Воспитаннику его, принцу Альп Арслану, властвовавшему в Мосуле, пришло в голову во время одного его похода освободиться от не слишком-то удобного опекуна: восстание, поднятое им в Мосуле, было еще до появления Зенги подавлено гарнизоном и его жителями, вовсе не желавшими возвращения старого сельджукского хозяйничанья (539 = 1145) г.; но Зенги, по-видимому, считал нужным сгладить, быть может, существовавшее у ненадежных элементов города и его окрестностей невыгодное впечатление. Он пробыл довольно долго в Мосуле, потом отправил (541 = 1146 г.) войско против курдского владетеля Фенека, одной крепости при Джезирет-ибн-Омаре, в то время как сам он готовился дополнить свои владения на западе присоединением маленького участка, который образовала стоявшая на Евфрате между Сирией и Месопотамией крепость Калат-Джабар[111], предоставленная Мелик-шахом Укейлидам. В то время как он осаждал этот замок, стоявший на горе и труднодоступный, собственные рабы его, неизвестно по какой причине, однажды ночью напали на него и убили его (541 = 1146 г.).
Ни крестоносцы, ни владетели Дамаска не имели причин радоваться устранению самого опасного их соперника.

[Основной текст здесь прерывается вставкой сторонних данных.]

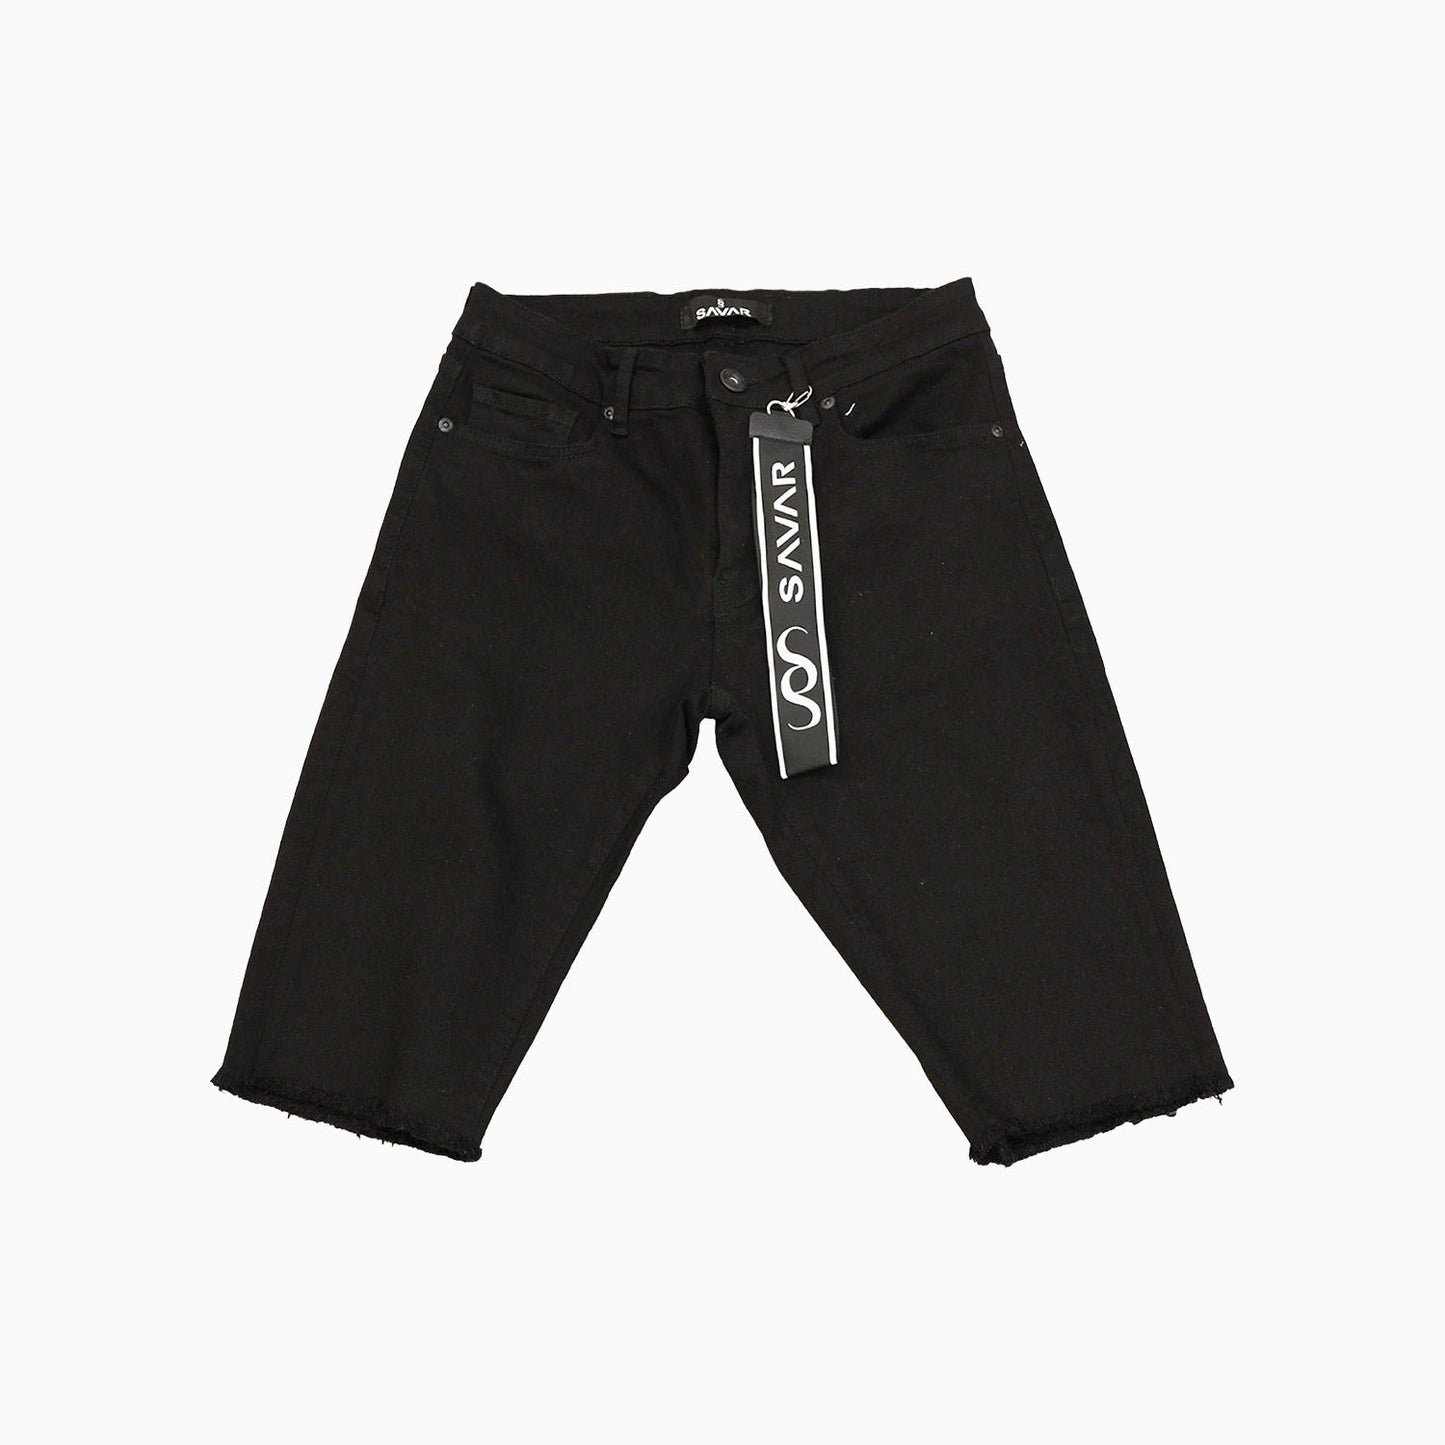 Men's Basic Jet Black Shorts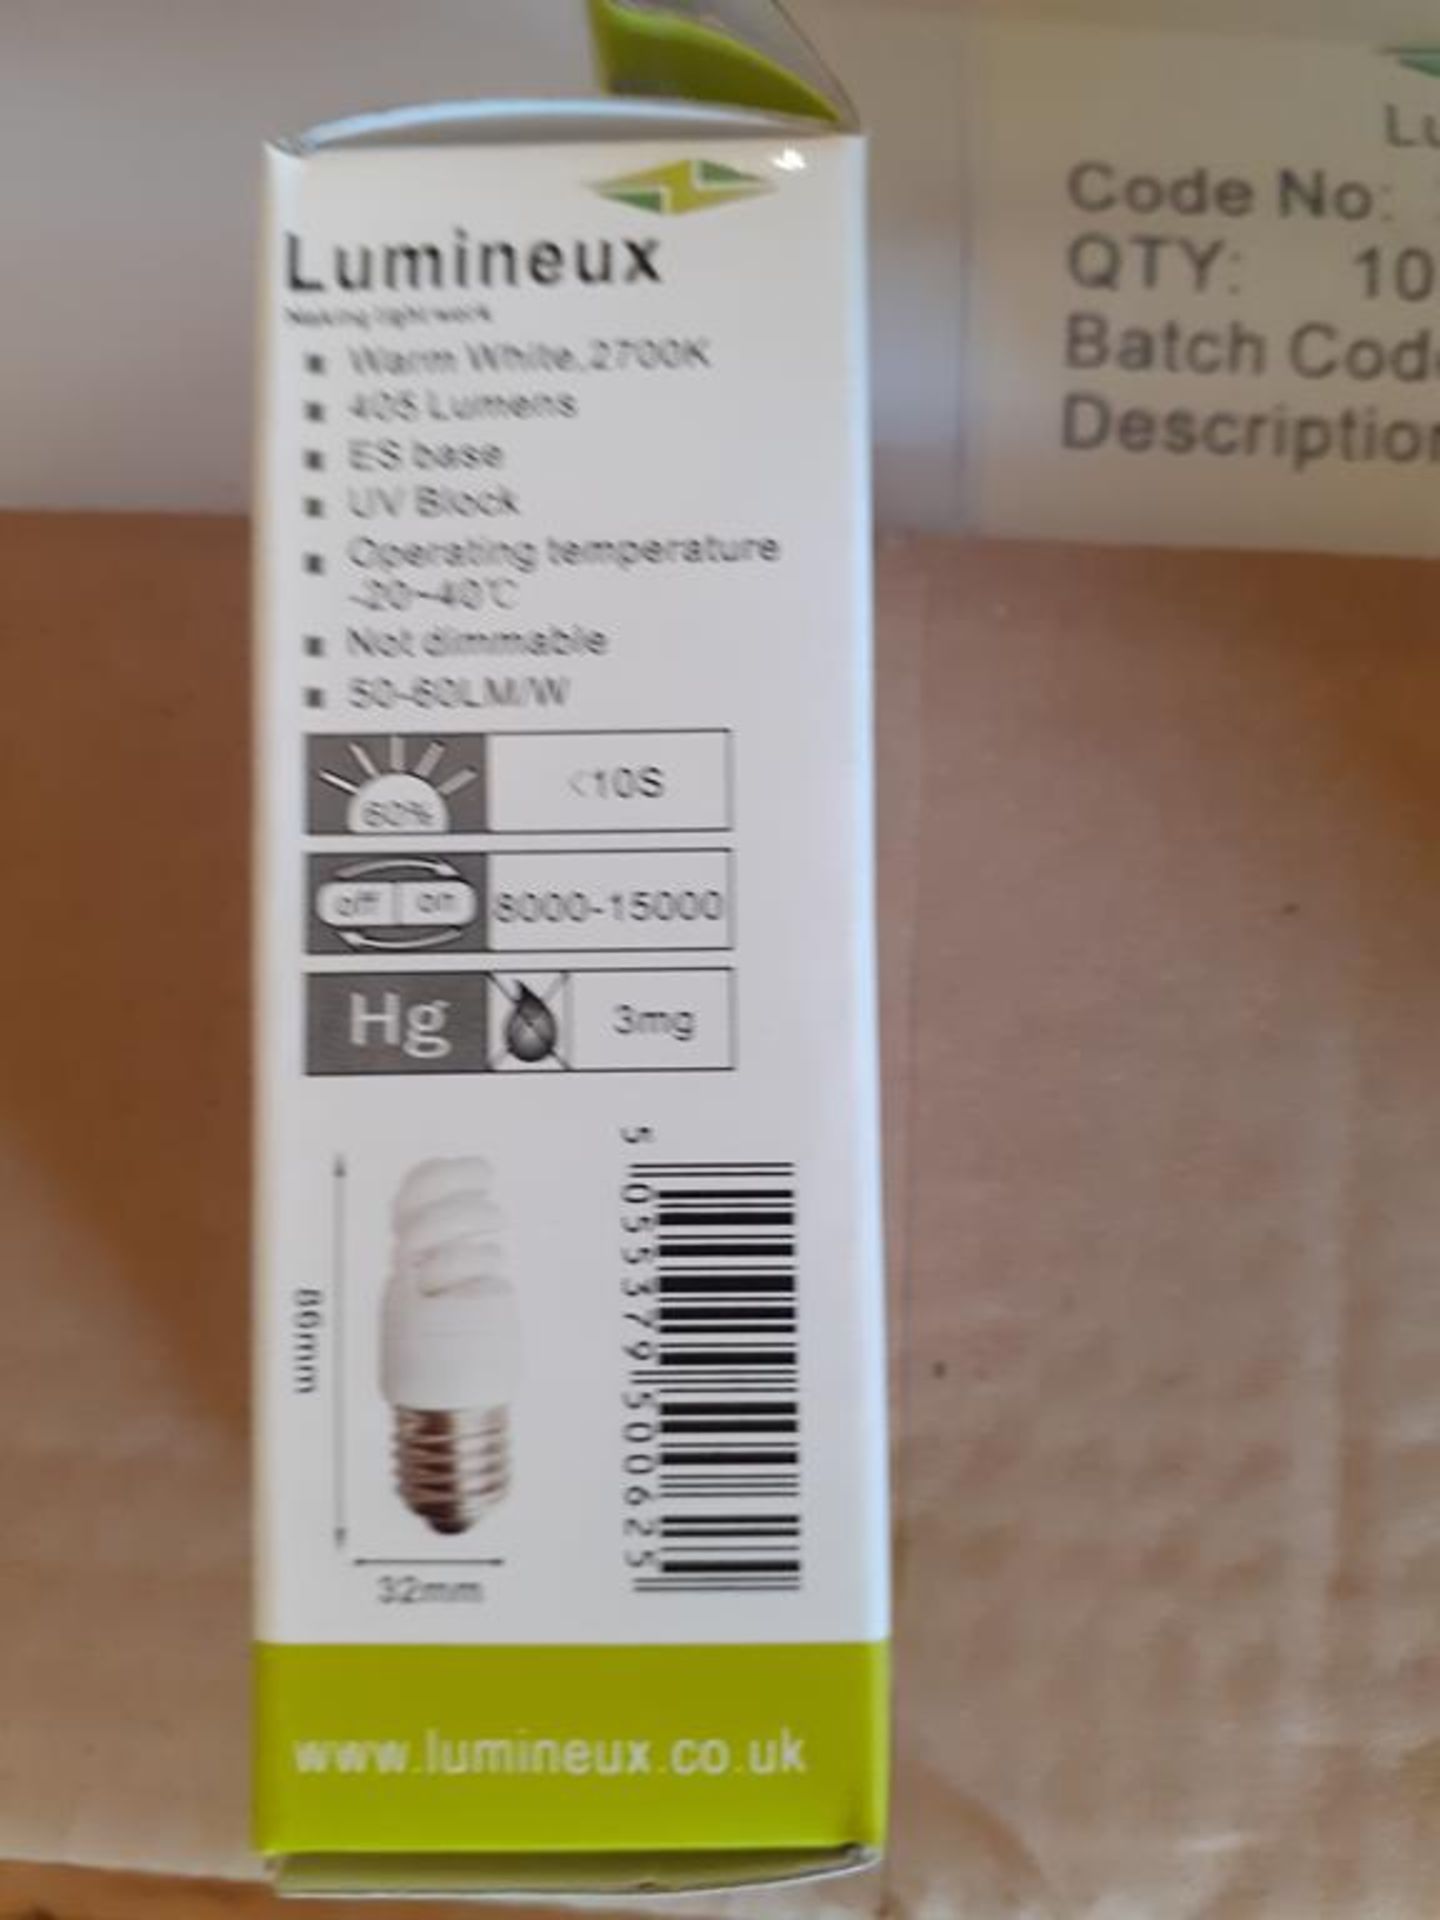 4x boxes of Lumineux Micro Spiral CFL 9W E27 2400K Warm White Energy Saving Bulbs (100pcs per box) - Image 5 of 5

Зенги оставил нескольких сыновей; старшие из них, Сейф ад-дин («меч веры») Гази и Нур ад-дин[112] («свет веры») Махмуд, несмотря на неожиданность катастрофы, которая ставила на карту всю будущность этой династии, быстрым образом действий уничтожили в зародыше всякое возможное сопротивление и таким образом могли вступить в полные права наследства после отца. Разделение только что возникшего нового государства в данном случае не было ошибкой. Успехи Зенги в Сирии не раз страдали от того, что он должен был одновременно обращать свои взоры из Мосула на восток. Теперь же здесь, на родине династии атабегов, вступил в управление старший из сыновей, Сейф ад-дин; границы его владений доходили на западе до реки Хабура и соблюдались до смерти Сейф ад-дина (544 = 1149 г.); когда позднее эмир Синдшара, лежащего восточнее, перешел от преемника Сейфа, Кутб ад-дина Маудуда (544–565 = 1149–1170) к Нур ад-дину, то этот последний, отличаясь большим умом, сознал все зло междоусобной войны и отказался от нее; он выказал этим отсутствие эгоизма, которое надо поставить ему в большую заслугу. Отныне сан атабега Мосульского стал в его семье наследственным до 607 г. (начало 1211 г.), когда, по смерти Зенгида Арсланшаха, эмир Бедр ад-дин Лулу сначала управлял за его десятилетнего сына, а потом окончательно захватил власть в свои руки.
Власть атабегов в Сирии была гораздо менее продолжительна; зато единственный государь из всех потомков Зенги, действительно обладавший ею, Нур ад-дин Махмуд (541–569 = 1146–1174), приобрел неувядаемую славу и всемирно-историческое значение. Еще долго после его смерти сирийцы называли его аль-Мелик аль-Адил, «справедливым царем», и он во всех отношениях заслужил это название. Он придавал большое значение водворению правильного судопроизводства среди своих подданных и желал этого не только по политическим расчетам, но потому, что ему было присуще чувство справедливости, которое проистекает из истинного мужественного благочестия.
Но решительный оборот крестовых войн был обусловлен не только его военными подвигами. Ему неотъемлемо принадлежит другая заслуга: влиянием собственной могучей личности, своим примером и поступками, равно как решительными мерами, он сделал для магометан войну с христианами вопросом веры и возбудил усердие их до фанатизма как раз в тот момент, когда у противников это наиболее могущественное побуждение начало ослабевать и легкомыслие, безнравственность, даже бесчестность стали перевешивать у большинства.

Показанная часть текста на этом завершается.